### INSTRUCTIONS TO FOLLOW
With the line containing "How To Get A" as the start and the line containing "Pink translucent classic" as the end, transcribe that span of the entries below exactly, including both.

### THE INPUT
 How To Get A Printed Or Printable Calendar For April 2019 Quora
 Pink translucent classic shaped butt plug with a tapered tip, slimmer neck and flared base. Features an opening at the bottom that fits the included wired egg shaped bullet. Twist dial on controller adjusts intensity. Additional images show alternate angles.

--

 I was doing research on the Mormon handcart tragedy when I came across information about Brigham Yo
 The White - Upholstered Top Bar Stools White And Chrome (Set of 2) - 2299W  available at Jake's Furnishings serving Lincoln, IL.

...

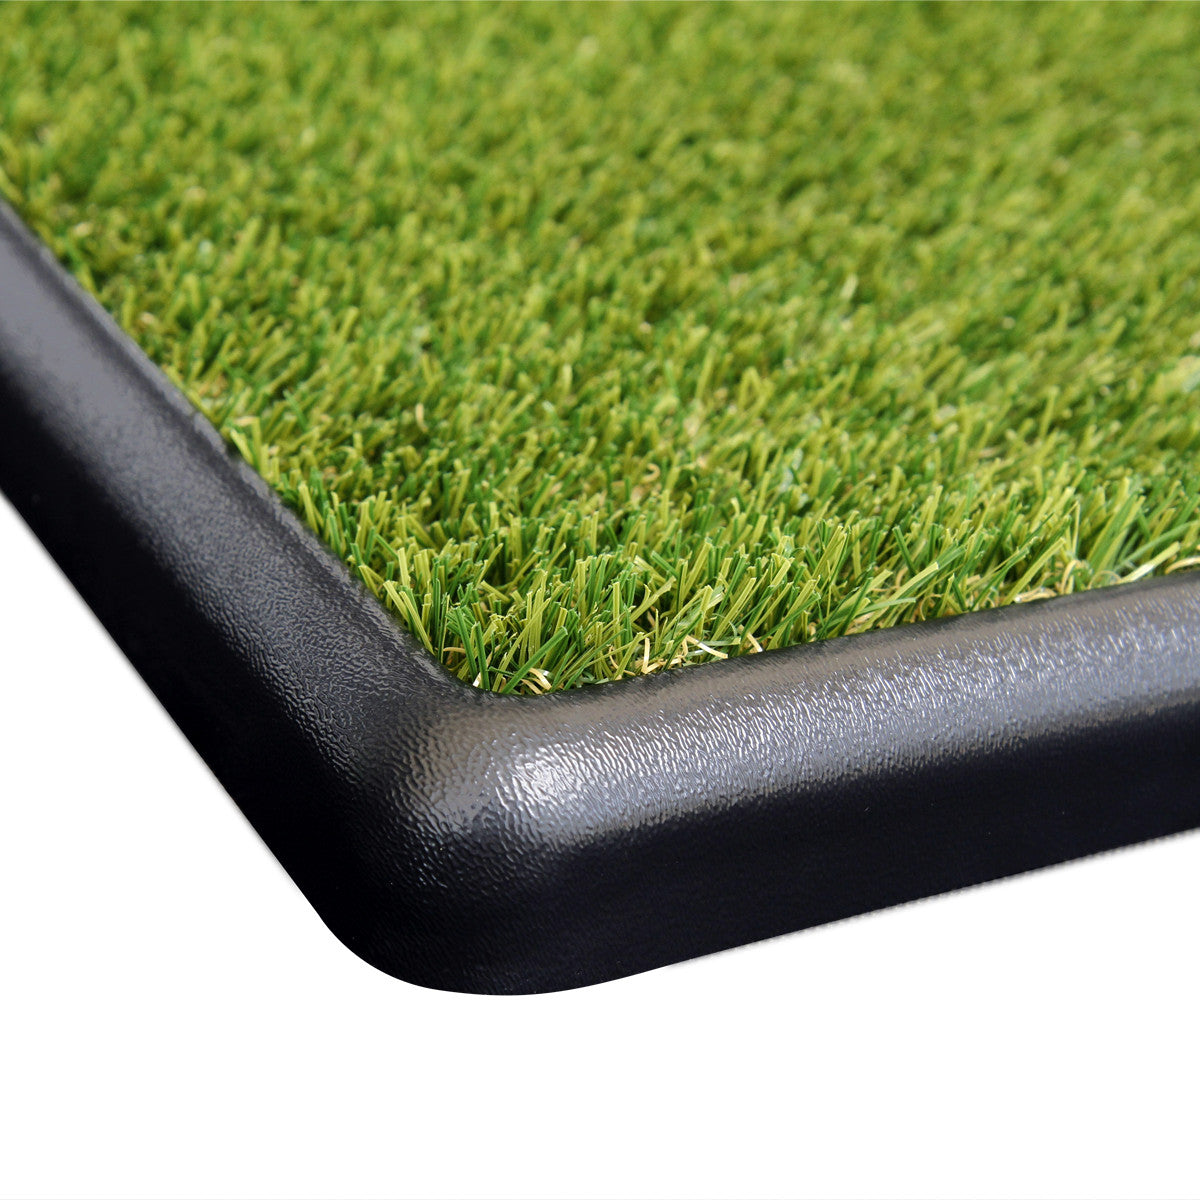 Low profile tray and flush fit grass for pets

### TASK ANSWER
 How To Get A Printed Or Printable Calendar For April 2019 Quora
 Pink translucent classic shaped butt plug with a tapered tip, slimmer neck and flared base. Features an opening at the bottom that fits the included wired egg shaped bullet. Twist dial on controller adjusts intensity. Additional images show alternate angles.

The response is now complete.